Mitos sobre a origem do povo
A principal hipótese diz que este povo descende de Caim, o primeiro filho de Adão e Eva. Essa hipótese se baseia no fato do nome queneu em hebraico (קֵינִי) e o nome de Caim (קַיִן) serem muito semelhantes. [1]
A outra hipótese diz que são descentes de Cainã, também chamado de Quenã, filho de Enos, filho de Sete que foi filho de Adão.
Esta hipótese também se baseia no fato do nome Cainã (קֵינָן), em hebraico, também ser parecido ao nome do povo (קֵינִי). Além de ambos estarem relacionados a genealogia dos patriarcas de Israel (Gn 5).

Controvérsia desta teoria
Apesar de interessantes essas duas hipóteses, ambas de mostram falhas, visto que o após o dilúvio todos os povos anteriores deixaram de existir.
O texto é claro em afirmar que após o dilúvio, apenas a família de Noé sobreviveu e todos os povos da terra descendem de seus filhos Sem, Cam e Jafé.
Um terceira hipótese, muito plausível, diz que eles se originaram de um povo anterior a Abraão, provavelmente semitas.
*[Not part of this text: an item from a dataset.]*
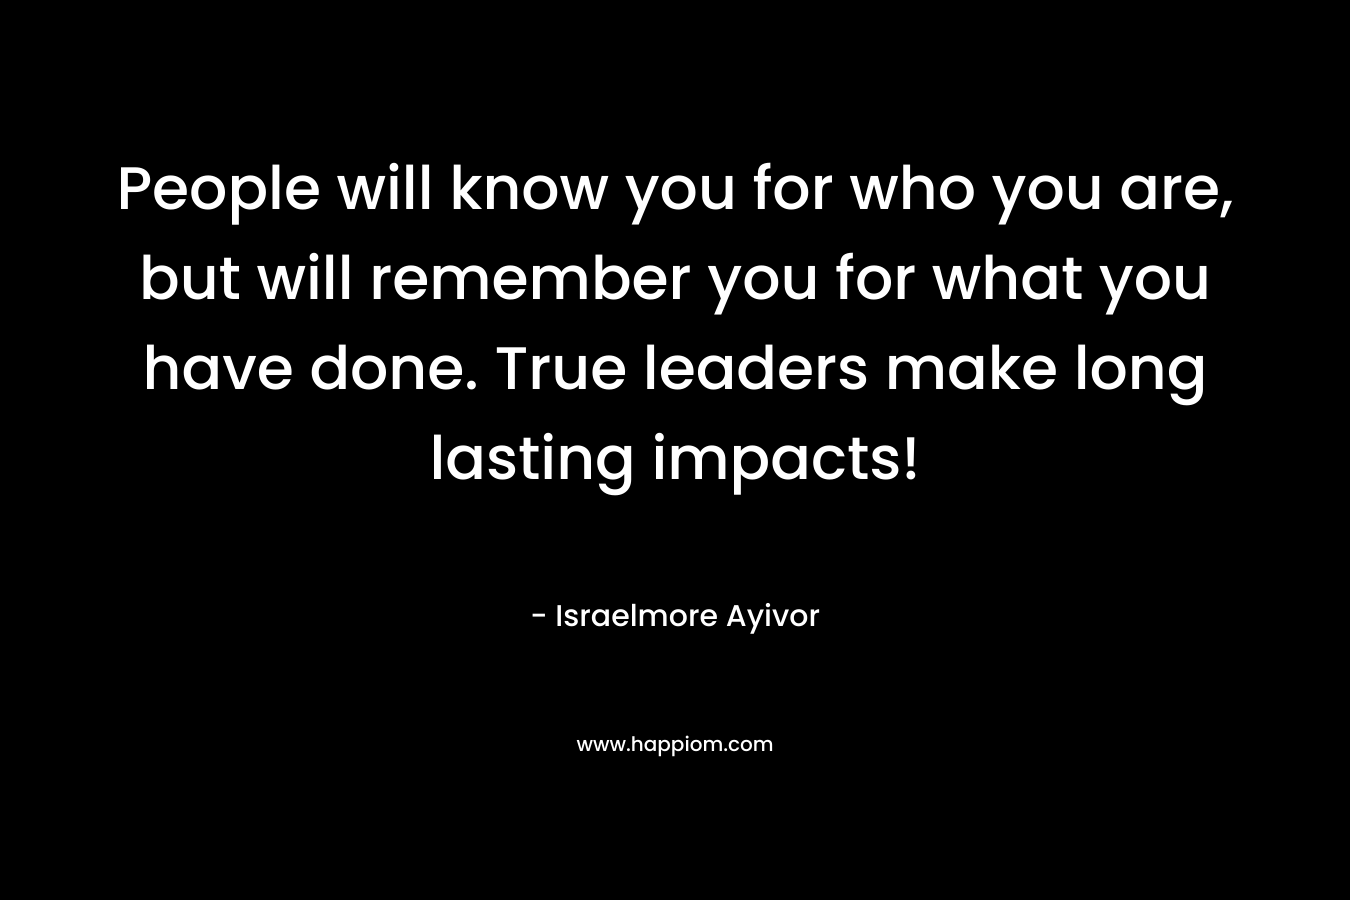 People will know you for who you are, but will remember you for what you have done. True leaders make long lasting impacts! – Israelmore Ayivor

Sendo, segundo essa hipótese, descendentes de Sem, filho de Noé.
Essa origem semita se baseia em Gênesis 15:19, na qual Deus diz que daria as terras dos quenezeus, cadmoneus e queneus a Abraão.
“Naquele dia , o Senhor fez a seguinte aliança com Abrão: ‘Aos seus descendentes dei esta terra, desde o ribeiro do Egito até o grande rio, o Eufrates: a terra dos queneus, dos quenezeus, dos cadmoneus […]’ ”
Gênesis 15:18-19
Com base nisto, podemos afirmar que existiu um povo que se denominava queneus, que viviam na terra de Canaã muito antes da chegada e ocupação israelita.
Porém, não é possível associar este mesmo povo aos personagens Héber, esposo de Jael, e Jetro, sogro de Moisés. Personagens esses descritos como pertencentes ao povo Queneu (Jz 1:16; Jz 4:11).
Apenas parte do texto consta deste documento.